Moses Sumney — “Bless Me”
By Sarah Beckford
Moses Sumney’s græ is a double album released in two parts this year — the first part arriving in February, and the second in May. “Bless Me” is a favorite — a tender five-minute track near the album’s end. The remarkable thing about Sumney’s voice is that it contains multitudes of emotion. In a single phrase or breath, his emotion is tangible — whether you listen through headphones or regular speakers. He creates this bubble in each song, like a galaxy in which his voice is the North Star, and every harmony is another star that fits perfectly in its specific place. His vocal control is so masterful that at one point he could whisper sweetly in your ear, then extend it into a plaintive, fierce cry you feel in the depths of your soul.
In “Bless Me,” his voice is backed by simple instrumentation that hits deep. Sumney starts with a whisper.Then, with the help of a rising, steady bass, his voice rises to an authoritative, yet calm volume. He cries out in the chorus so shortly as if it’s a final plea.
Bless me
before you go
You’re goin’ nowhere with me
It’s fitting that the track is near the end of the second half of græ. The song feels final, even if I cannot pinpoint what exactly feels finished.

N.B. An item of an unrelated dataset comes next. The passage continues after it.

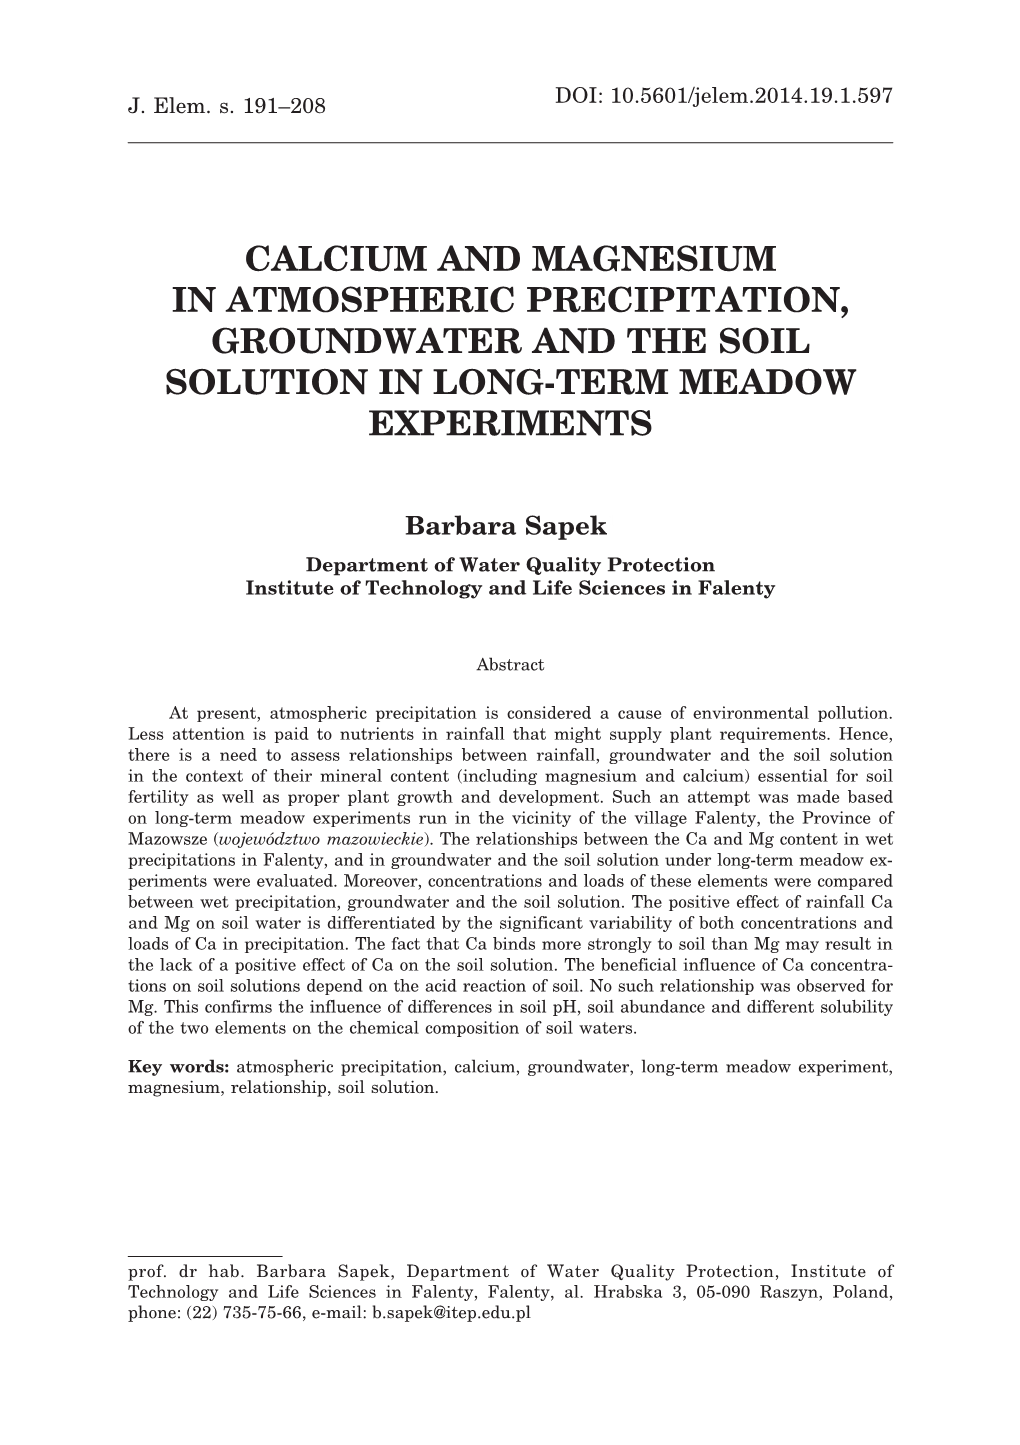 Calcium and Magnesium in Atmospheric Precipitation, Groundwater and the Soil Solution in Long-Term Meadow Experiments
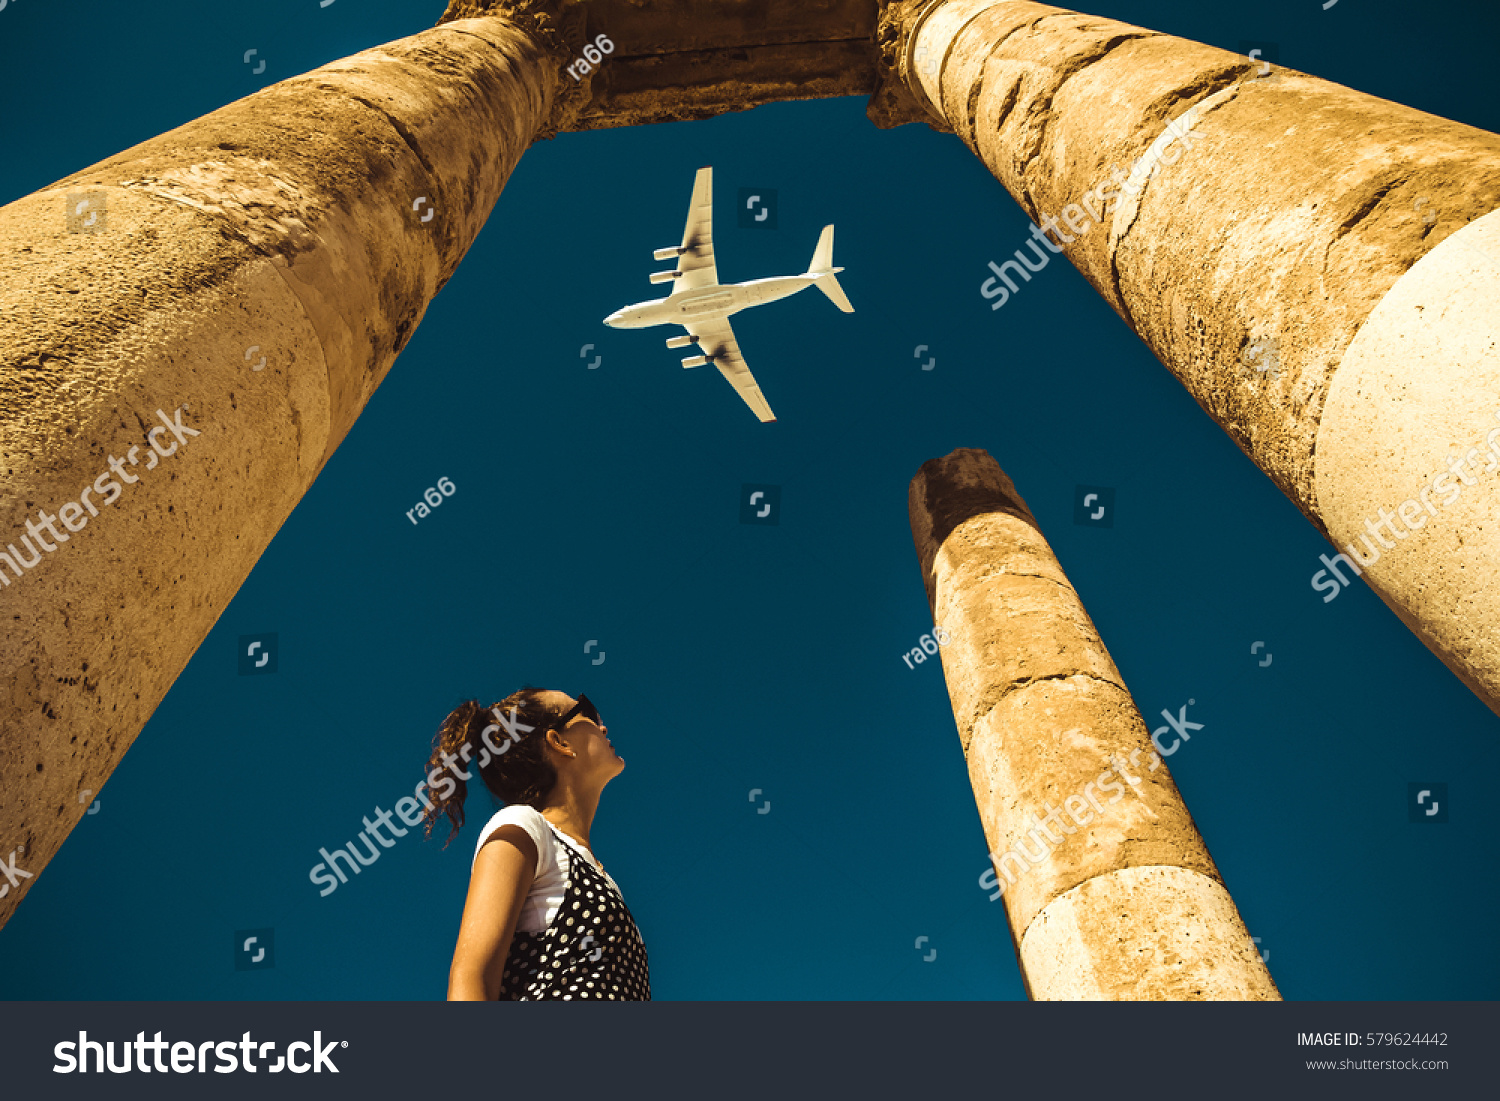  Young woman look at airplane dreaming about vacation. Explore the world. Export concept. Time to travel. Freedom life. Independent person. Tourism and transportation industry. Spirit of adventure. #579624442

He paints this picture of lovers or partners separating, but one still holding on. There’s also a spiritual piece of the song — I think of the Bible story in Genesis 32:22-31, in which Jacob wrestles an angel and demands a blessing. It’s an interesting thought, of a mortal man fighting the supernatural — despite the finite features of humanity, man craves higher things. He craves good despite the inherent shame of humanity. Sumney asks to soar with wings and lets his voice persuade you to allow him that goodness.
Sumney’s ability to make a whole world in a song with just his voice and instrumentation is remarkable. Even as Sumney asks for a blessing, it doesn’t sound like begging at all. He sings with a nobility that’s dually vulnerable, knowing full well he can still stand tall no matter the outcome.